An undetermined measurable set and Borel Determinacy

Question

The existence of a measurable set which is not determined can be proved using the Axiom of Choice (or even without it). Also, we know that $\{ \text{Borel sets} \} \subset \{ \text{measurable sets} \}$. My questions are:

$\bullet$ Does this mean that we may find a Borel set which is not determined as a consequence of the existence of undetermined measurable sets?

$\bullet$ If so, does not this contradict the Borel Determinacy?

$\bullet$ If the answers of the above questions are no, do we only mean an undetermined measurable set $\in \{ \text{measurable sets} \} \setminus \{ \text{Borel sets} \}$?

$\bullet$ If there is a Borel set which is not determined for any other reason different from the one in the first question, can any one provide me with a reason, an example or a reference?

PS: Any reference which discusses the above questions and includes an example would be appreciated.

Answer 1

You've pretty much answered your own question, so let me confirm: All Borel sets are determined (the proof is due to Martin ~1975), a measurable, non-determined set hence is not Borel.

As far as references go, what precisely do you want a reference to? The proof that Borel sets are determined is covered in Kechris: Descriptive Set Theory. I don't know, off the top of my head, a reference for a non-determined, measurable set.

Answer 2

Stefan Mesken's answer addresses the bulk of your question; let me try to tie up the remaining loose end.

As noted in the comments, your parenthetical claim at the beginning of your question

the existence of a measurable set which is not determined can be proved using the Axiom of Choice (or even without it)

is false: it is consistent with ZF (under mild consistency assumptions) that every set is determined, measurable or non.

I think the issue here stems from a misreading of Hamkins' concluding comment. Hamkins states:

"The conclusion, therefore, which does not use the axiom of choice, is that if there is a non-determined set, then there is a non-determined set with measure $0$. In particular, [if there is a non-determined set, then] there is a non-determined set that is measurable."

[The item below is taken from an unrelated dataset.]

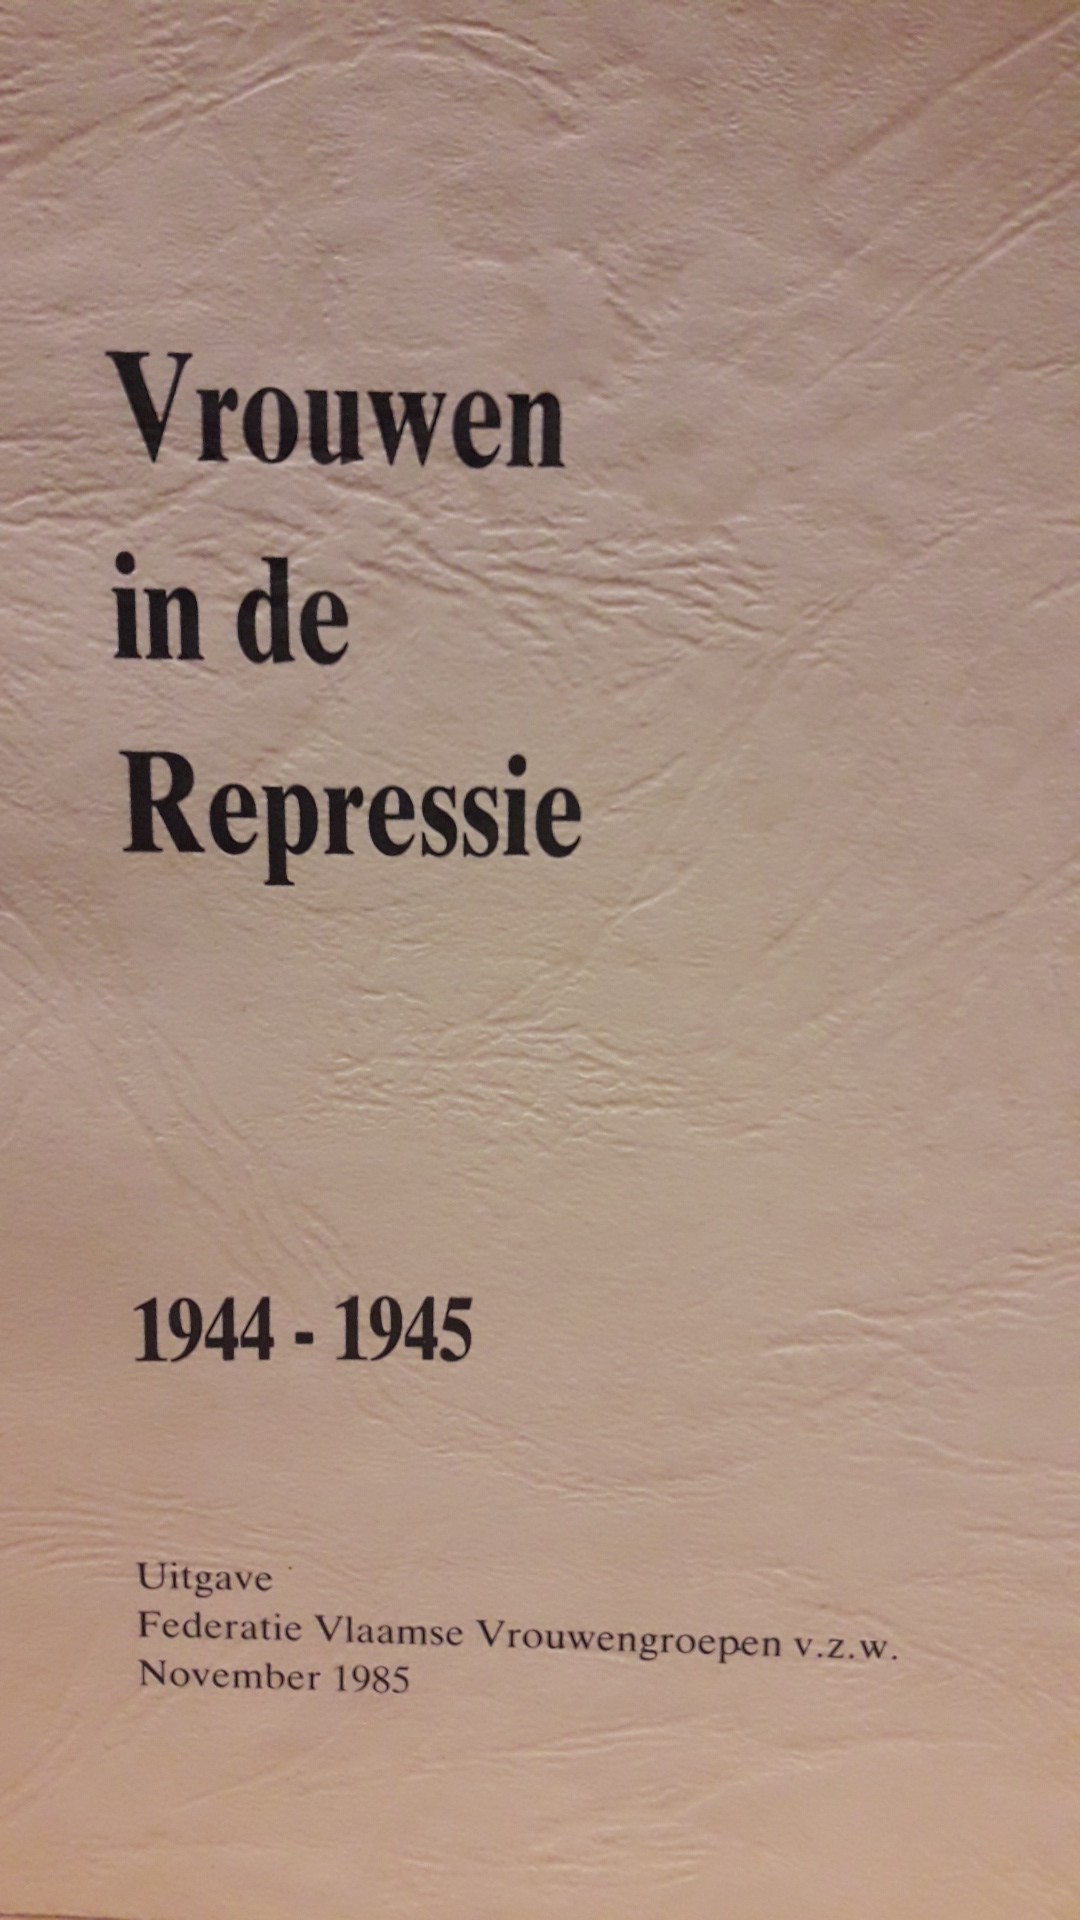 Vrouwen in de repressie 1944 - 1945 / brochure 1985 - 76 blz

(Emphasis/insertion mine.) The crucial bit here is the hypothesis, "if there is a non-determined set:" Hamkins is not saying that ZF proves "there is a measurable non-determined set," he's only saying that ZF proves $$(*)\quad\mbox{"If there is a non-determined set, then there is a measurable non-determined set."}$$

Your final claim

we can construct an undetermined set of zero measure without the AC, and so we have a measurable set which is not determined without the AC

is incorrect, since you're omitting the crucial hypothesis from $(*)$.